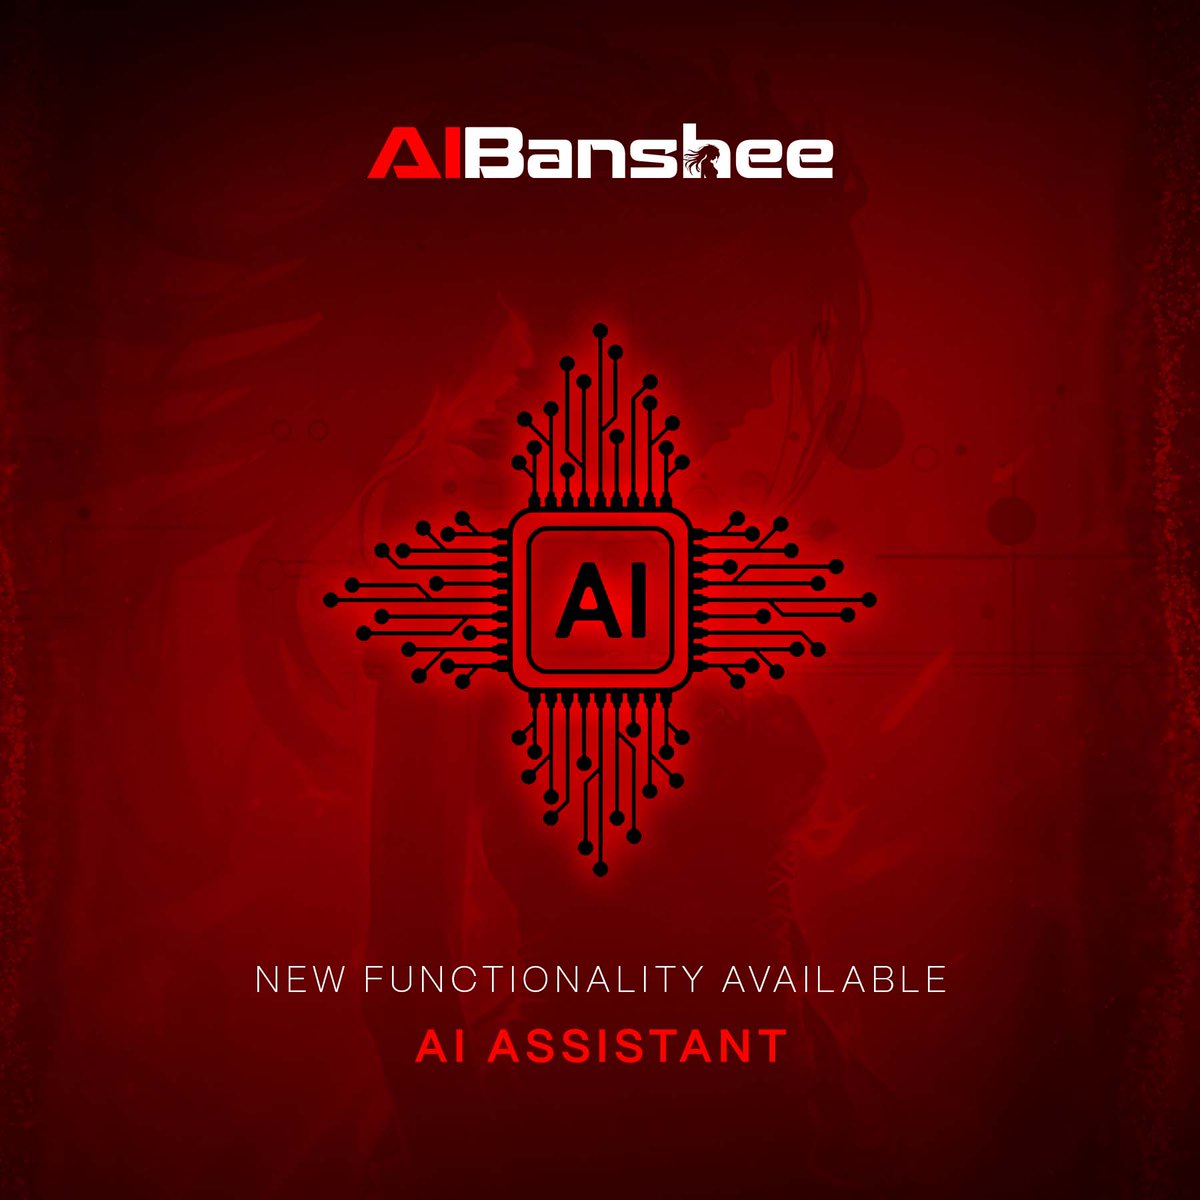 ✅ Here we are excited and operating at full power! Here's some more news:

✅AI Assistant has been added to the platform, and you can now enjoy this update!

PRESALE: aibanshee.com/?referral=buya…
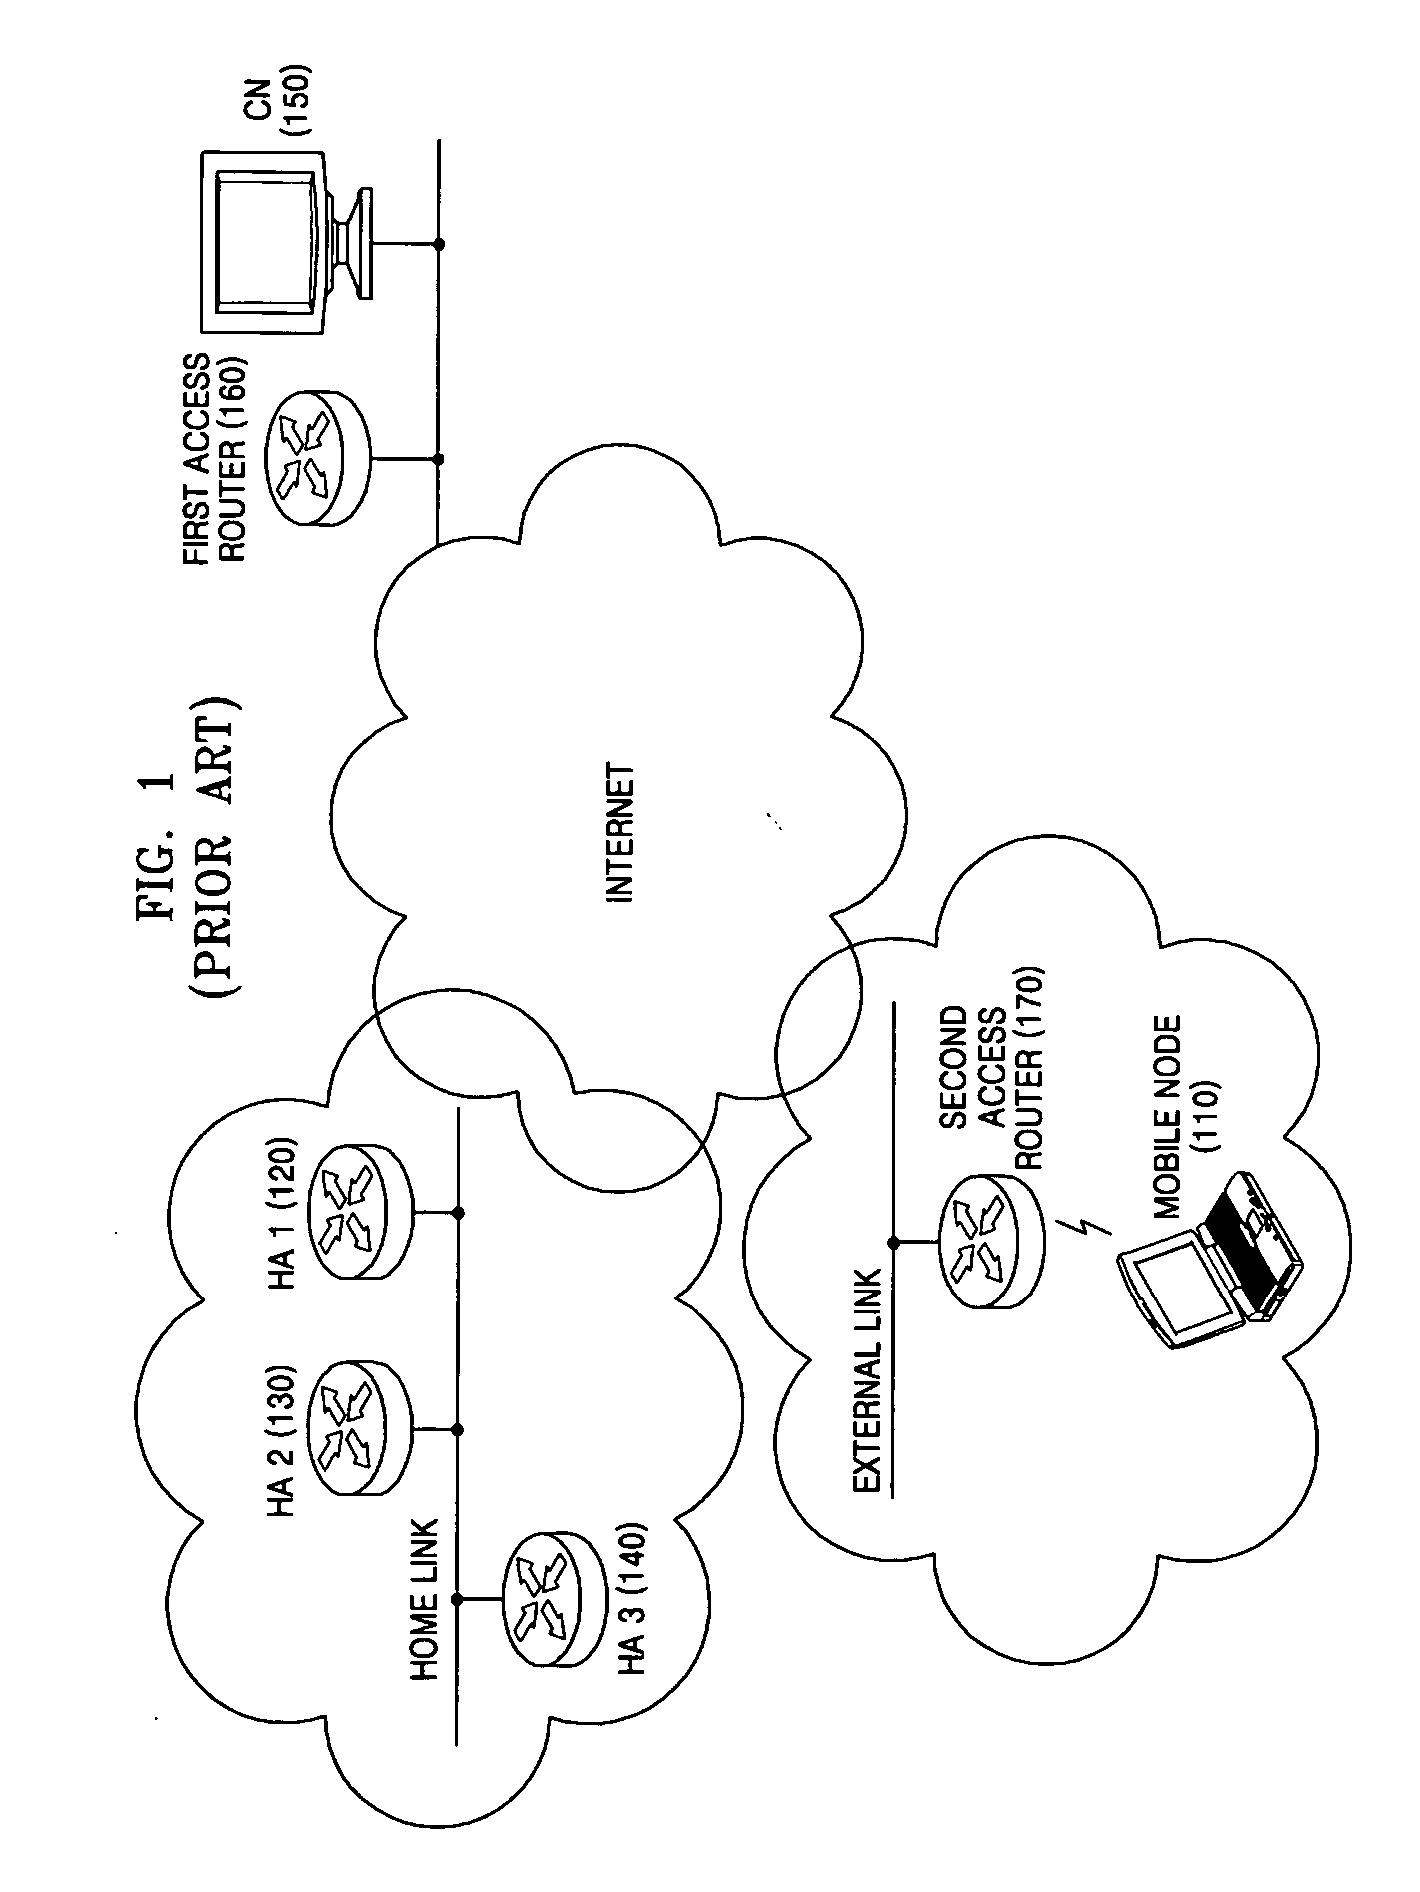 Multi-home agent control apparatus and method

━━━━━━━━━━━━━━━━━━━━

> What the task asks
When repeating the material above, keep every line exact and drop all pictures.

> Written response
 ✅ Here we are excited and operating at full power! Here's some more news:

✅AI Assistant has been added to the platform, and you can now enjoy this update!

PRESALE: aibanshee.com/?referral=buya…
 Multi-home agent control apparatus and method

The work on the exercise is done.